Once a connection to the desired resource has been established, it is helpful to get search for variables of interest to our search query. To this end, we will use the `hpds::find.in.dictionary` function to search for variables in the data dictionary.

In [39]:
found_terms <- hpds::find.in.dictionary(resource = resource, term = "Sex of participant")

In [47]:
# View information about the "Sex of participant" variable for the "(SAGE)" study
for (val in hpds::extract.entries(found_terms)) {
    if (stringr::str_detect(val$name, "(SAGE)")) {
        print(val)
    }
}

$name
[1] "\\NHLBI TOPMed: Study of African Americans, Asthma, Genes and Environment (SAGE) Study\\Sex of participant\\"

$categoryValues
[1] "FEMALE" "MALE"   "NA"    

$categorical
[1] TRUE

$patientCount
[1] 2106

$observationCount
[1] 2106

$HpdsDataType
[1] "phenotypes"



Given the above dictionary entry shows that we can select "FEMALE", "MALE", or "NA" for gender.  For this example lets limit our search to females.

In [49]:
hpds::query.filter.add(query = my_query, keys="\\NHLBI TOPMed: Study of African Americans, Asthma, Genes and Environment (SAGE) Study\\Sex of participant\\", values='FEMALE')

[1] "ERROR: cannot add, key already exists: \\NHLBI TOPMed: Study of African Americans, Asthma, Genes and Environment (SAGE) Study\\Sex of participant\\"


In [50]:
my_query$filter()$show()

{
    "numericFilters": [

    ],
    "categoryFilters": {
        "\\_Consents\\Short Study Accession with Consent Code\\": [
            "phs000921.c2"
        ],
        "\\NHLBI TOPMed: Study of African Americans, Asthma, Genes and Environment (SAGE) Study\\Sex of participant\\": [
            "FEMALE"
        ]
    },
    "variantInfoFilters": {
        "categoryVariantInfoFilters": [

        ],
        "numericVariantInfoFilters": [

        ]
    }
}
 

## Using the *variables dictionnary*

Once a connection to the desired resource has been established, we first need to get a knowledge of which variables are available in the database.

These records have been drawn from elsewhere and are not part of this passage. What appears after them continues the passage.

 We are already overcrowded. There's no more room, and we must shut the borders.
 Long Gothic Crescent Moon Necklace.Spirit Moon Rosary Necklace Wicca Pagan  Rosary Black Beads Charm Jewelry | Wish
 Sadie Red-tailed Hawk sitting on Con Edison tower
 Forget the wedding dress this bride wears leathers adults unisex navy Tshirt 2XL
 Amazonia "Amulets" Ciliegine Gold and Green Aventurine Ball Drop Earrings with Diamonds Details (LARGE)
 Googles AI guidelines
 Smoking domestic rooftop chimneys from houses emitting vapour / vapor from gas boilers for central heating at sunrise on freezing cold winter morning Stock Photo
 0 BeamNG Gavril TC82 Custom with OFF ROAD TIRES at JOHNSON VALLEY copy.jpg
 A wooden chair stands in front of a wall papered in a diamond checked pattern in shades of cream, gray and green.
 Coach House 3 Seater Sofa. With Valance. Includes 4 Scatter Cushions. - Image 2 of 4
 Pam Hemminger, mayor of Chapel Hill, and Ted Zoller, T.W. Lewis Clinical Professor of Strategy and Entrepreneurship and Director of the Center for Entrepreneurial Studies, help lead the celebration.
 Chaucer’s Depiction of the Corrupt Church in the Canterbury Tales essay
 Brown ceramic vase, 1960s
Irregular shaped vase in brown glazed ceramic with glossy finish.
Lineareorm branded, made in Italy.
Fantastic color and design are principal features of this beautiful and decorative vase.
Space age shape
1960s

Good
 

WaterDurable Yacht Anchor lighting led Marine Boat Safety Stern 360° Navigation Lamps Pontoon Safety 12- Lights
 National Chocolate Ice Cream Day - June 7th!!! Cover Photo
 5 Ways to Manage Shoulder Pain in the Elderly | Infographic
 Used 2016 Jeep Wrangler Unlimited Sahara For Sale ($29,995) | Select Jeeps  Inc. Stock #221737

To this end, we will use the `find.in.dictionary` function.

For instance, looking for variables containing the term `COPD` in thein names is done this way:

In [None]:
dictionary_search <- hpds::find.in.dictionary(resource, "COPD")

Four different functions can be used to retrieve results from a dictionary search: `extract.count()`, `extract.keys()`, `extract.entries()`, and `extract.dataframe()`.

In [None]:
print(list("Count"   = hpds::extract.count(dictionary_search),
           "Keys"    = hpds::extract.keys(dictionary_search)[1:3],
           "Entries" = hpds::extract.entries(dictionary_search)[1:3]))

In [None]:
df_dictionary_copd <- hpds::extract.dataframe(dictionary_search)

**`hpds::extract.dataframe()` enables to get the result of the dictionary search in a data.frame format. This way, it enables to:**

* Use the various criteria exposed in the dictionary (patientCount, variable type ...) as criteria for variable selection.
* Use the row names of the DataFrame to get the actual variables names, to be used in the query, as shown below.

Variable names, as currently implemented in the API, aren't handy to use right away.
1. Very long
2. Presence of backslashes that requires modification right after copy-pasting.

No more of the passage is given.